Black fragte ruhig, ohne dabei seine Stimme zu heben.

Jakobs vergaß plötzlich alle Vorsicht.

»Weil ich wütend war!«

»Und vermutlich warten Sie nun auf eine Gelegenheit, die Flasche unserem Freund Fellowe zu überreichen«, erwiderte Black in freundlich-vorwurfsvollem Ton.

»Ich habe sie bis jetzt noch niemand gegeben, aber wenn ich die Wahrheit sagen soll –«

Weiter kam er nicht, denn Black packte ihn plötzlich mit hartem Griff an der Kehle.
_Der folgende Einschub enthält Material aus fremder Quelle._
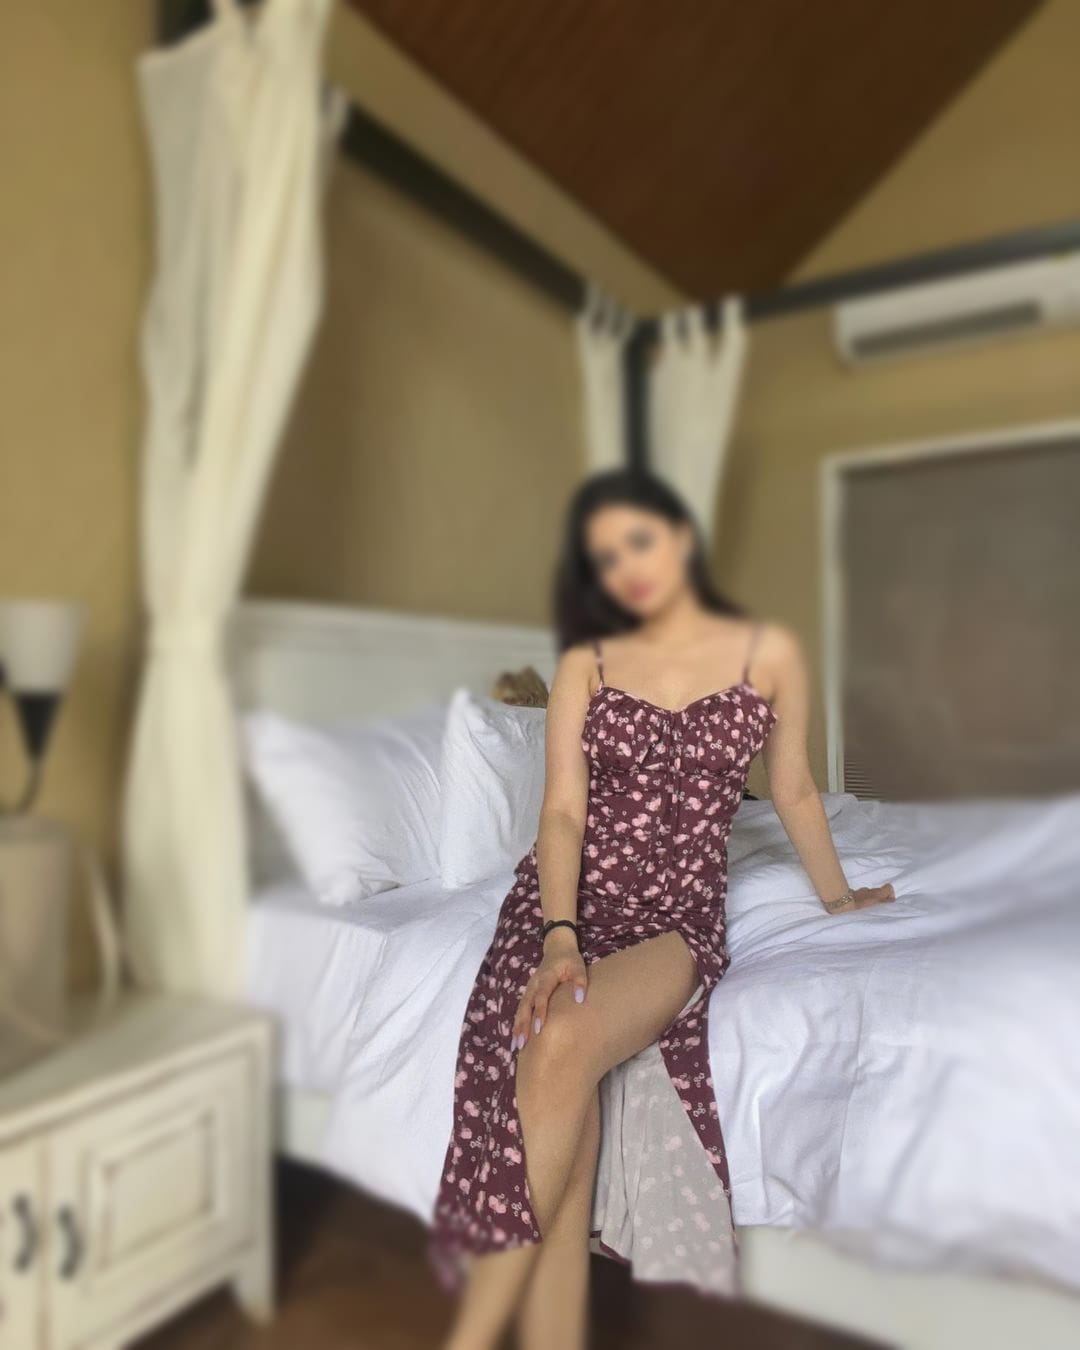 PANVEL🔥HOT&SEXY BEST CALL GIRL AVAILABLE SAFE HOTEL&HOME

Willie Jakobs wehrte sich verzweifelt, aber gegen die stahlharte Hand des Obersts war nicht aufzukommen.

»Du Hund!« keuchte Black erregt.

Er schüttelte den hilflosen Mann heftig, dann durchsuchte er mit der Linken die Taschen seines Opfers. Als er das grüne Fläschchen gefunden hatte, schleuderte er Jakobs gegen die Mauer.

»Ich werde dir zeigen, was dir bevorsteht, wenn du noch einmal gegen mich angehst!«

Jakobs taumelte bleich gegen die Wand.

»Sie haben die Flasche wieder, Black, aber ich weiß alles, was Sie damit angestellt haben.«

»So?«

»Ja, alles!« schrie Jakobs. »Sie können mich nicht so einfach abschütteln, hören Sie? Sie müssen mir die Pension weiterzahlen, wie Sie es auch mit anderen Leuten machen. Ich weiß genug, um Sie an den Galgen zu bringen –«

»Ich denke, das genügt«, sagte Black.

Eine schmale Klinge blitzte im Licht der Straßenlaterne auf, und Jakobs sank ohne einen Laut zu Boden.

Black sah sich um. Er wischte die Klinge des Stiletts sorgfältig an dem Rock des Mannes ab, steckte sie wieder in die Scheide und betrachtete seine eigenen Hände genau, ob nicht Blutspuren daran seien. Aber so ein Stilett verursachte ja nur eine kleine Wunde.

Dann wandte er sich ab, zog seine Handschuhe an und ging zu dem Auto zurück, das noch auf ihn wartete.